This week Wood Mackenzie, an Edinburgh-based research and consulting firm, reviews recent trends in biotechnology stocks. From mid-January, the Nasdaq Biotechnology Index set out on a gradual upward trajectory — only to be interrupted by a sharp drop in late February. This fall wasn't biotechnology-specific, however — it reflected the global market correction at the end of that month.

The biggest mover in the index over the past two months is California-based Onyx, whose stock price more than doubled in the week starting on 12 February. These gains — which survived the correction — came in response to strong data for its oncology drug, Nexavar, in late-stage clinical trials for the treatment of liver cancer. Onyx's partner for Nexavar is the German drug firm Bayer Schering, which already markets the drug for renal cancer treatment in the United States and the European Union.
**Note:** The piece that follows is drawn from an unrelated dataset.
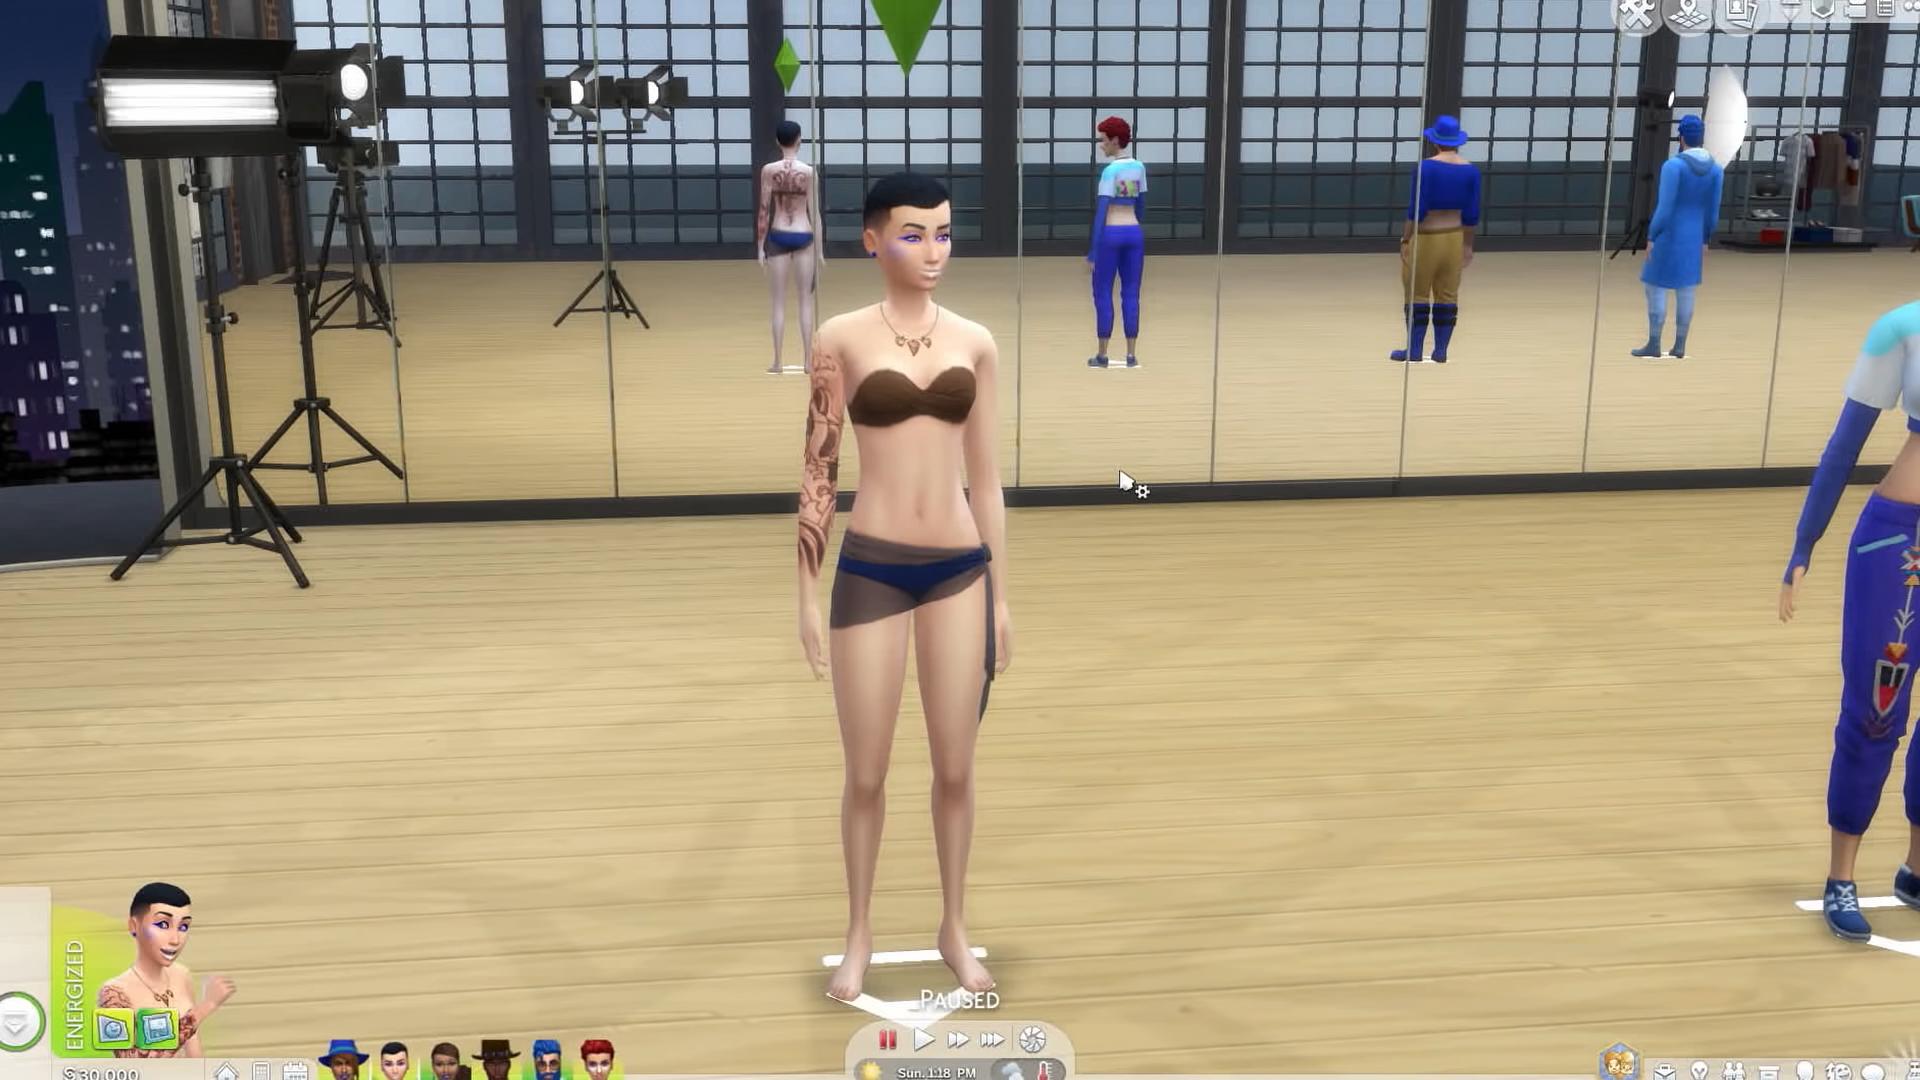 Les Sims Spark'd Screenshot-2020-08-03-173932

Other gains were triggered by robust financial performance reported by a small number of biotech firms. Gilead Sciences, also of California, posted a 48% year-on-year rise in fourth-quarter revenues, underpinned by a surge in sales of its HIV drugs. The market liked Gilead's forecast that total sales could reach $3.5 billion in 2007, up 35% from last year: the company's shares duly hit their highest-ever level on 21 February.

The biotechnology index underperformed broader indices last year and is now faced with the challenge of recovering from the February dip. The performances of these Californian companies provide early indications that it may yet manage to do so.